– Да мне насрать, куда там катится этот штаб! – покраснев от злости, рявкнул генерал. – Катитесь и вы отсюда к чертовой матери!
И хотя Бройер понимал, что приказ ему удастся исполнить лишь в общих чертах, он посчитал, что на этом его миссия выполнена. Не говоря ни слова, он зашагал к машине. Где опять носит этого проклятого шофера?
– Лакош! – крикнул он. – Лакош!
Тут он увидел, как в дыму, валящем из догорающего склада, показался знакомый силуэт. Лицо коротышки было черно от дыма, карманы плаща туго набиты, под мышками зажаты два ящика с сигарами. Бройер, как ни сдерживался, прыснул со смеху.
– Хорошему сухарю печка не страшна, – пояснил Лакош, сгружая ящики на приступку автомобиля, – а вот шоколад, увы, наполовину оплавился!
Из карманов штанов он выудил три банки консервов и бутылку “Мартеля”.
– Кстати, сигары-то бразильские, – прибавил он. – Господин генерал ведь говорил – они неизменно хороши!
Пристанищем, которое отвел отделу разведки и контрразведки фельдфебель Харрас, оказалась одна из так называемых “финских палаток”, что располагались немного поодаль от станицы Верхне-Голубой, в невысоком сосновом бору. Эти круглые постройки состояли из деревянного каркаса, обитого каким-то картоном с водоотталкивающей пропиткой. Тепла в них хватает, только если они наполовину зарыты в землю, но тут строителям явно было не до таких стараний. Издалека эти хижины походили на деревню кафров.

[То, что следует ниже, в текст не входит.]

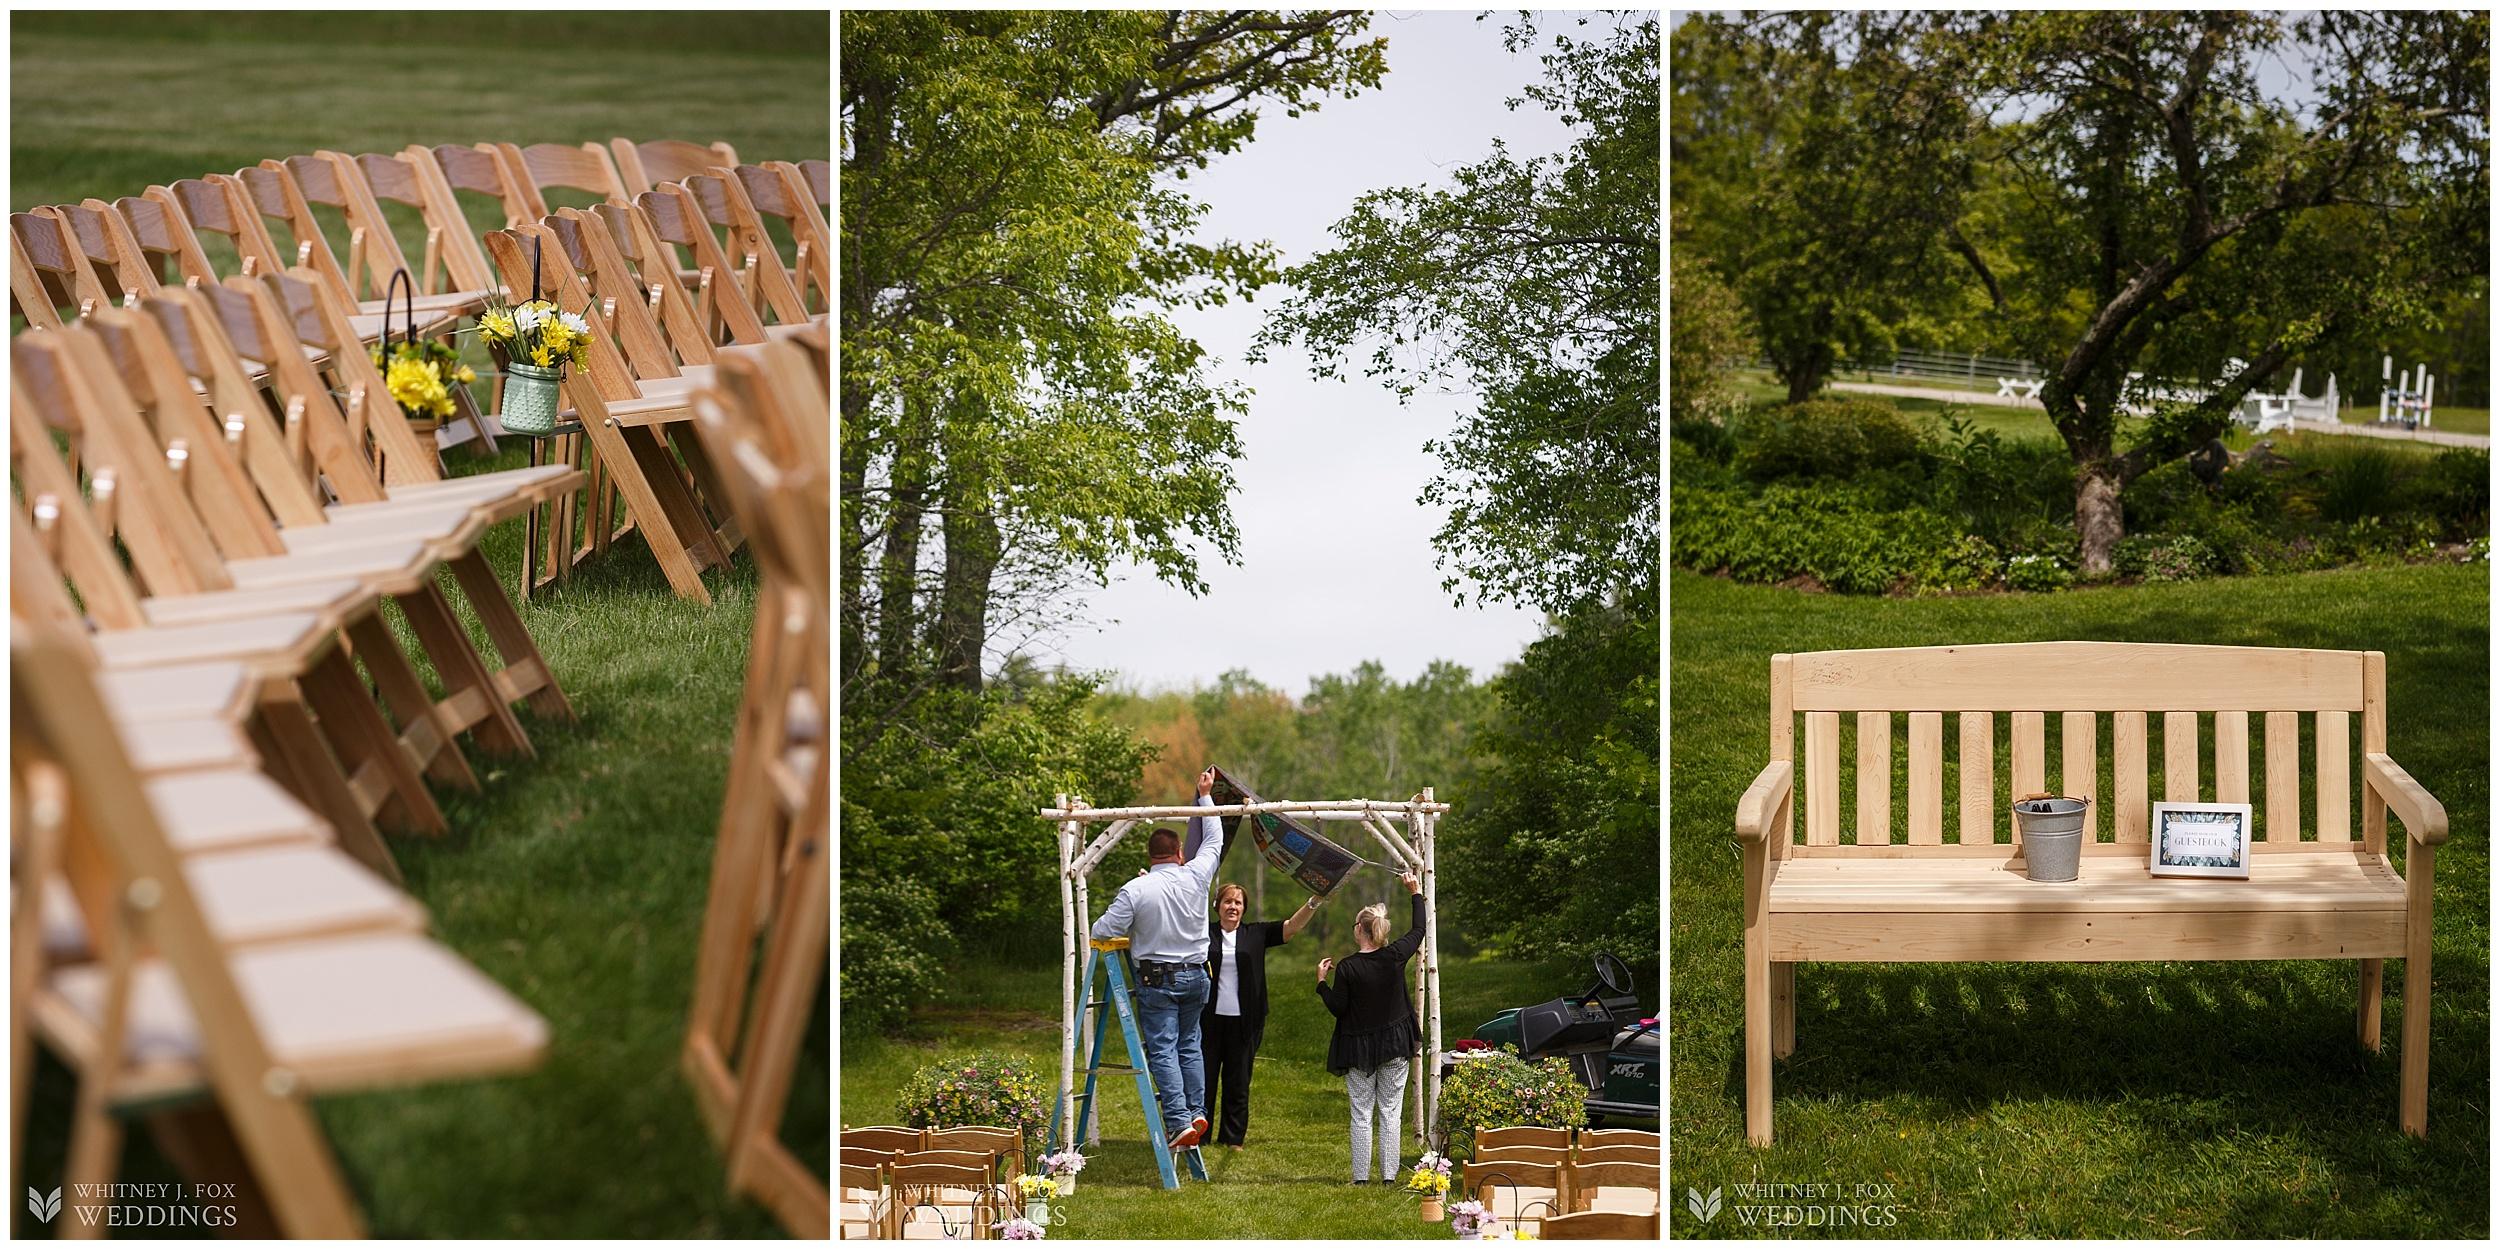 11_21_tai_josh_the_homestead_rest_be_thankful_farm_lyman_maine_photographer_whitney_j_fox_weddings_0672.jpg

Унтер-офицер Херберт и ефрейтор Гайбель запаслись дровами и затопили маленькую буржуйку, но леденящий ветер, дувший в каждую щель, разгонял все тепло. Зондерфюрер Фрёлих, укутавшись во все свои одеяла и шинели, храпел на тощей соломенной лежанке, оставленной предыдущими постояльцами. Так как нынче ему не удалось найти применения своему оптимизму, он принял решение по возможности проспать критический момент. Бройер, которого Унольд весь день гонял по разным адъютантским поручениям, по новому своему месту пребывания появился лишь под вечер.
– Вот дыра унавоженная! – чертыхнулся он. – До штаба пятьсот метров, а связи по телефону нет. По мне, пускай так и будет! По крайней мере, оставят нас в покое.
Поставив войлочные сапоги сушиться к буржуйке, он, в чем был, не снимая даже фуражки, шлепнулся на охапку вонючей соломы и тотчас же уснул. Заботливо прикрыв его всеми свободными одеялами, Лакош поинтересовался ужином.
– Паек с сегодняшнего дня укорочен вполовину. Обоз так и не вернулся, – ответил Херберт. – Приятного аппетита!
– Этого еще не хватало! – воскликнул Лакош. – Что ж, тогда придется вот из этого телячье жаркое устроить!
Он извлек из кармана консервную банку и протянул Херберту. Присев у печки на вязанку дров, он сдвинул фуражку на затылок и потер руки. Гайбель восседал на козлах, которые притащил невесть откуда, и рылся в потрепанном бумажнике из искусственной кожи.
– Ты, кстати, сегодня с полуночи до двух на посту, – бросил он мимоходом.
– Кто? Я? – возмутился Лакош. – Хехё совсем, что ль, рехнулся? Сперва гоняет нас весь день туда-сюда, а потом еще и ночью на вахту ставит? И речи быть не может!
– Может, это вместо тех “трех суток”, которые он тебе давеча сулил, – предположил Гайбель, рассматривая в свете огня фотографию. – Вот, погляди, – гордо сказал он. – Это моя жена!
Настроение у Лакоша было испорчено. Он с неохотой бросил взгляд на карточку. На ней была пышнотелая молодица, которую можно даже было назвать симпатичной.
– Чересчур хороша для такого чурбана! – буркнул он.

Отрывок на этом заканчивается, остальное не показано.